* [Problem details]
Could you restate word for word the lines running from the one with "- Femme ..." to the end of the data, both ends included, but without pictures?

(Given material Opens)

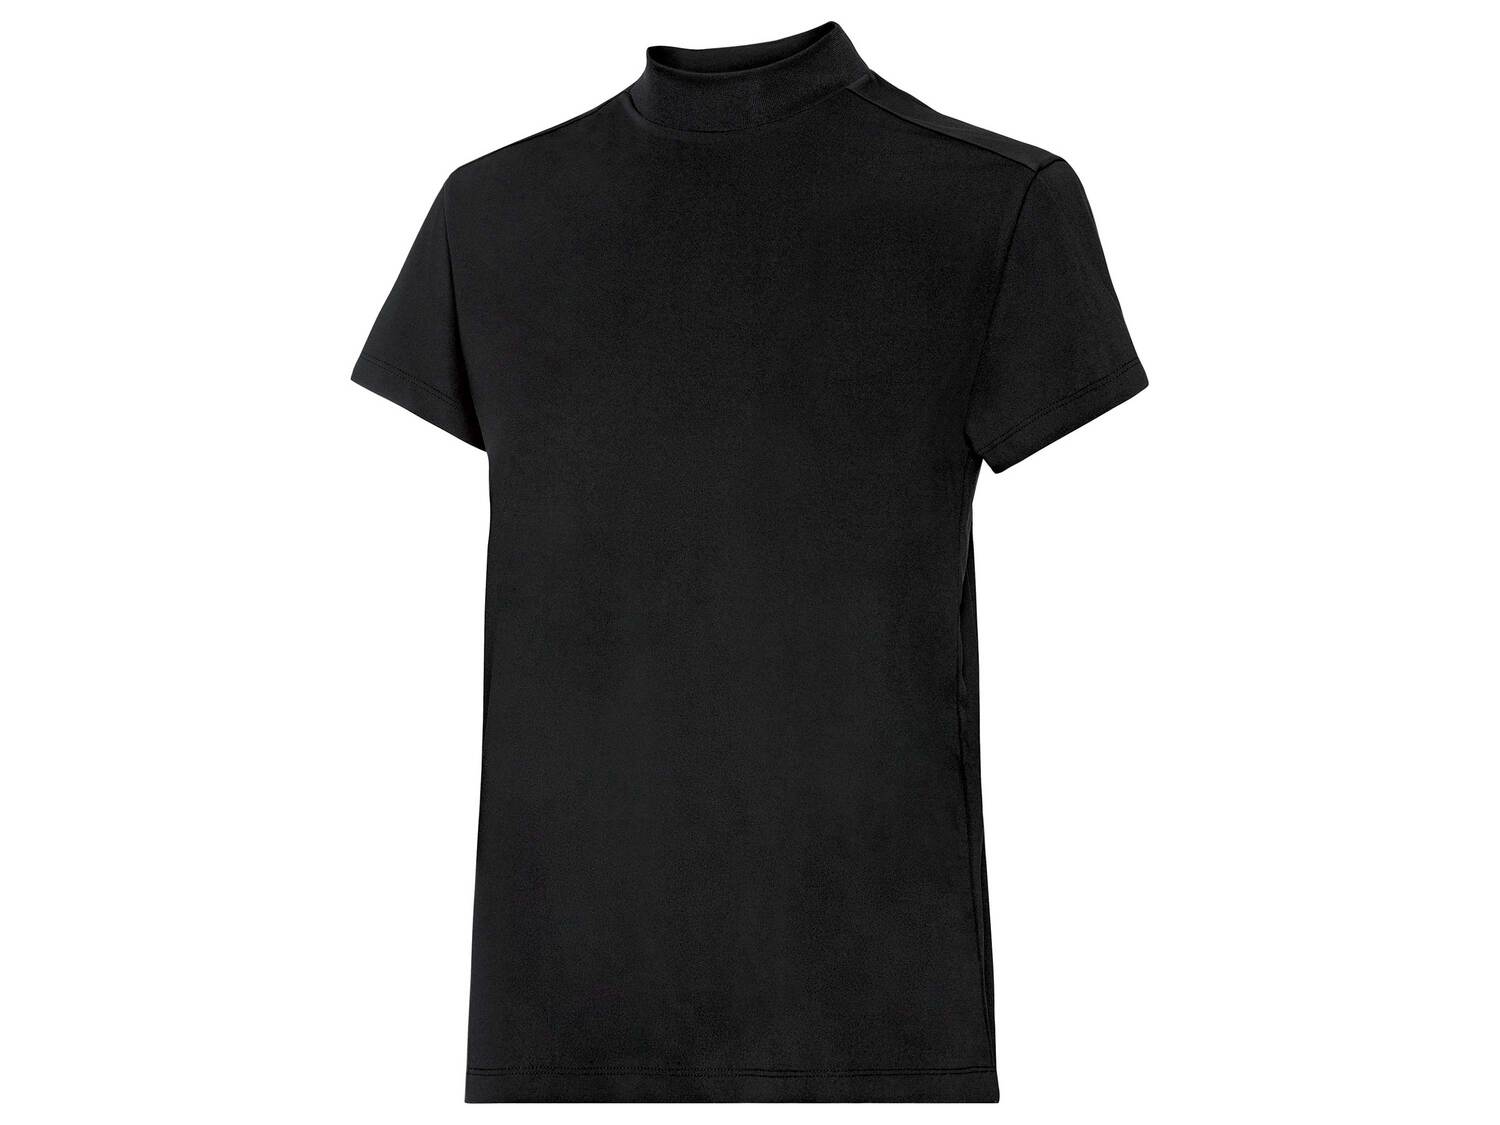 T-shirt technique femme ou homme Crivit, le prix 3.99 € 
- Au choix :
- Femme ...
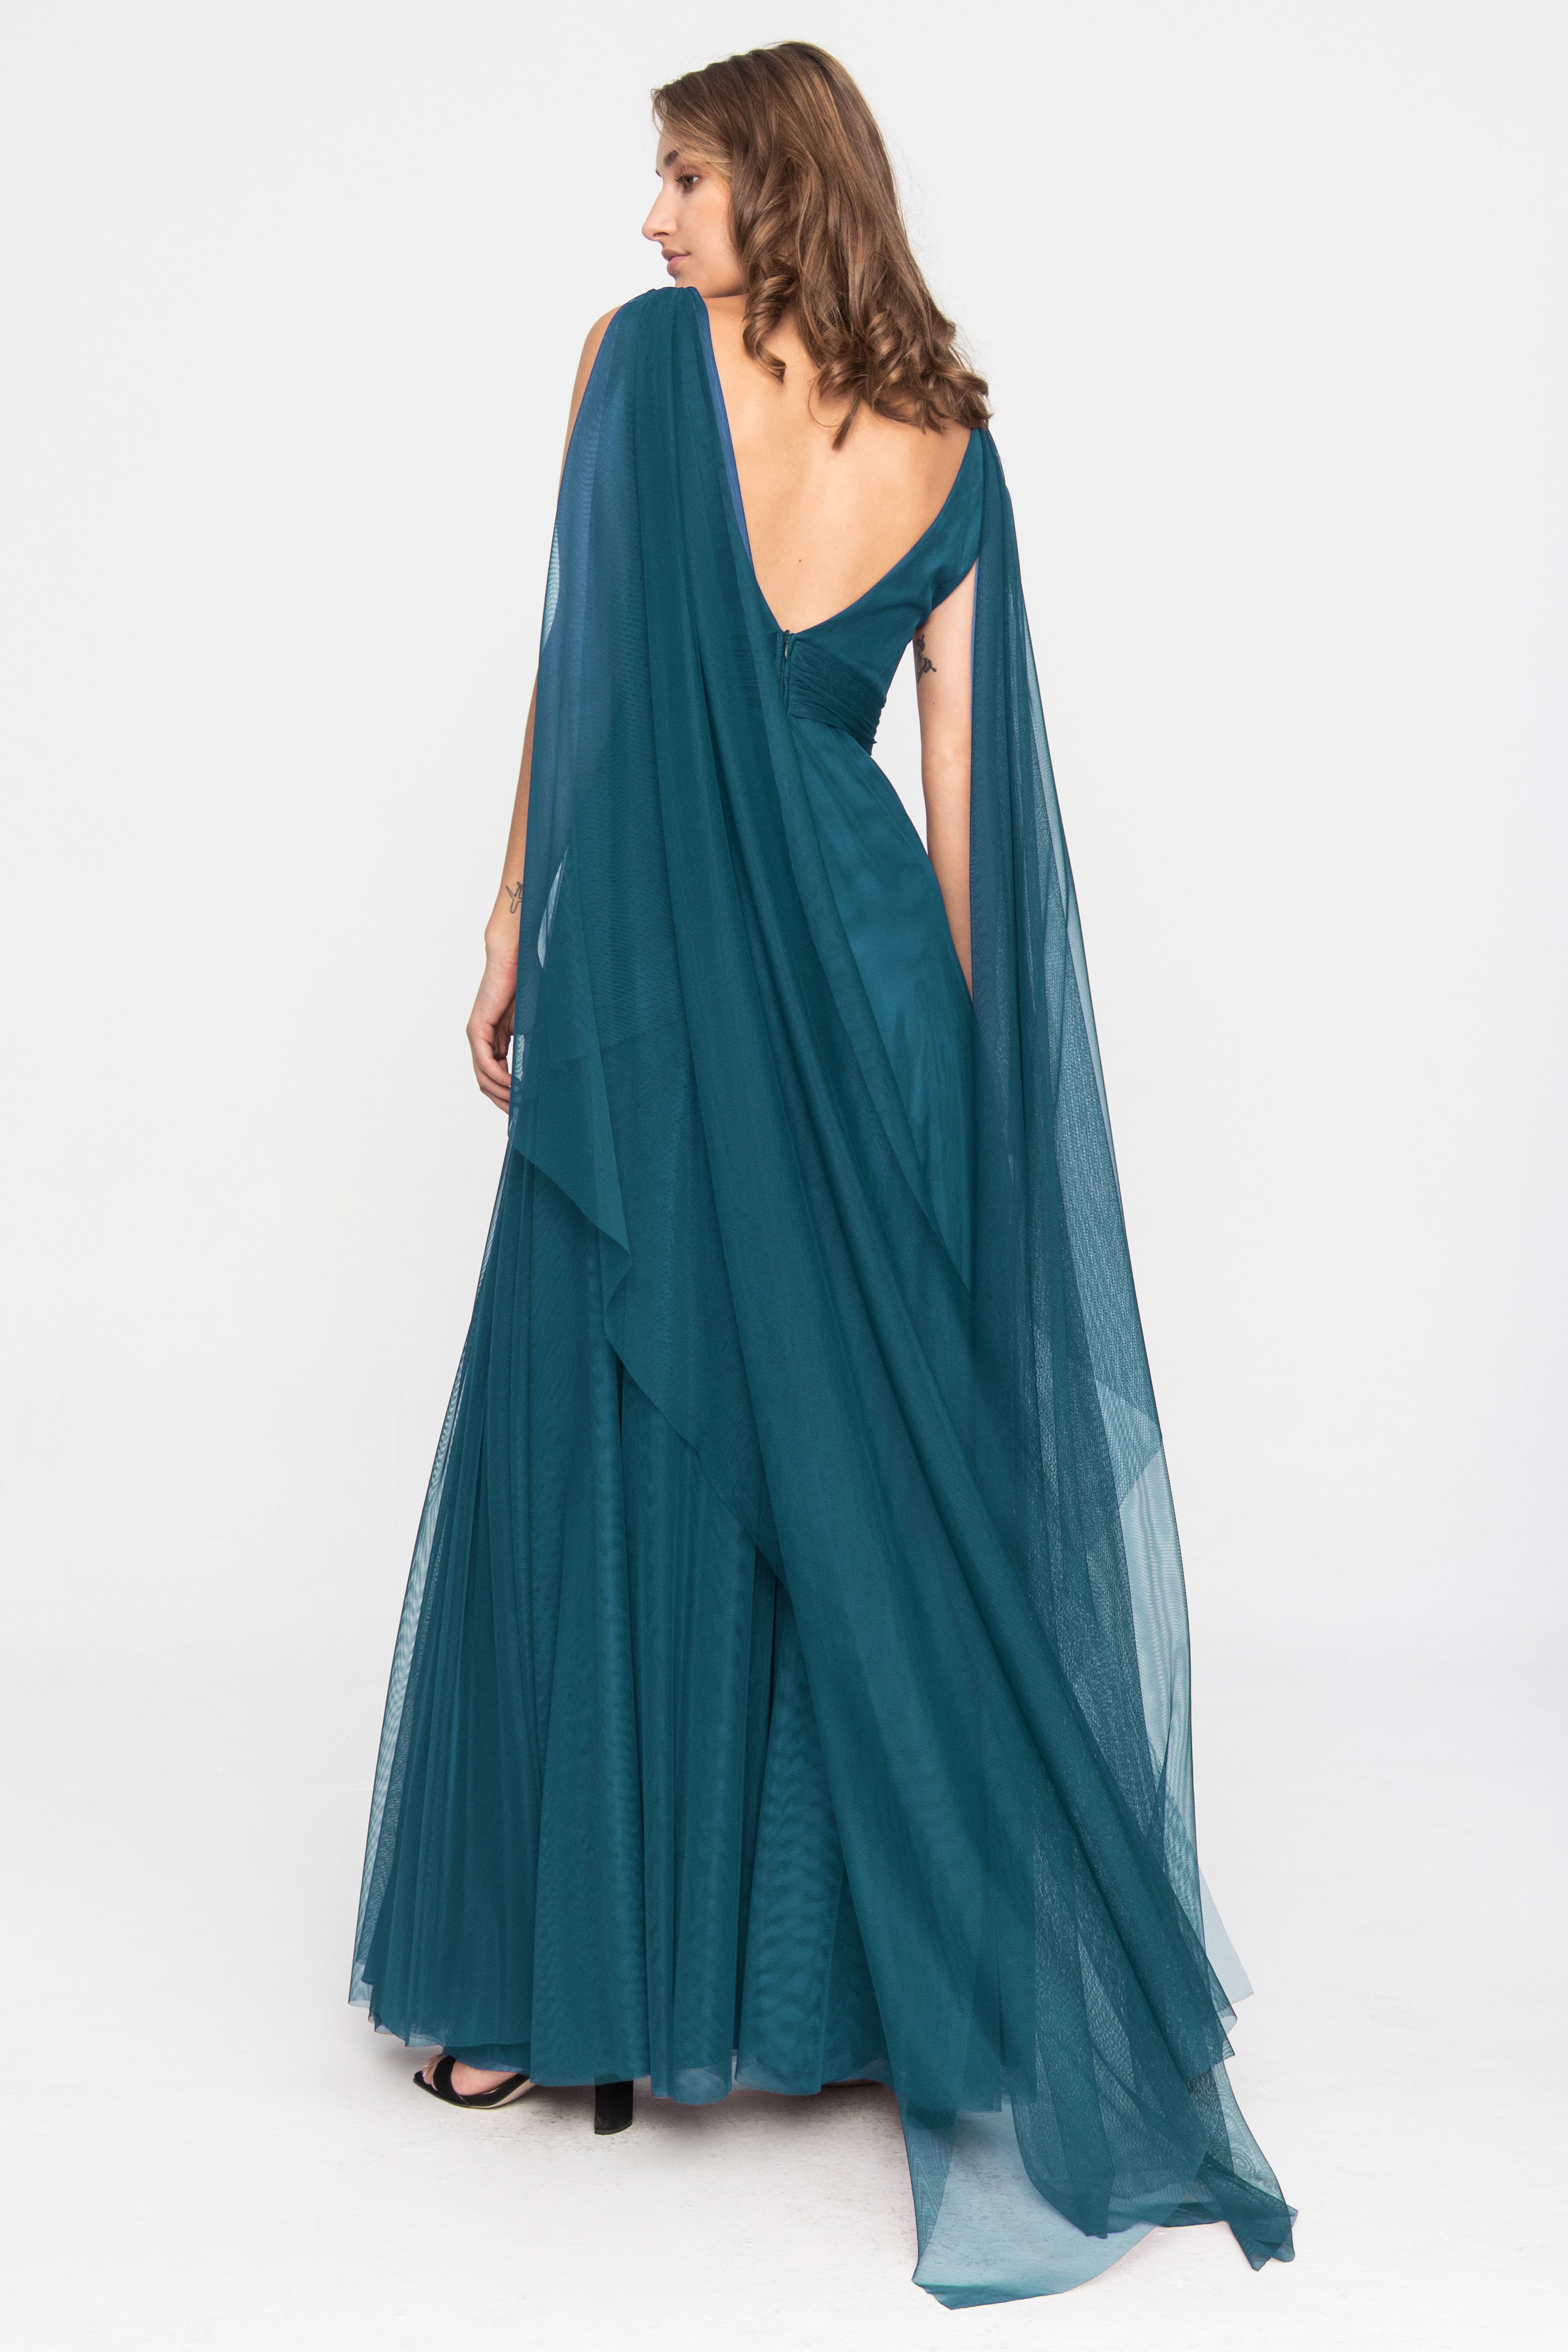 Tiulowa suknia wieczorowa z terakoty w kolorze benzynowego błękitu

(Given material Closes)

* [Reply to the task]
- Femme ...
 Tiulowa suknia wieczorowa z terakoty w kolorze benzynowego błękitu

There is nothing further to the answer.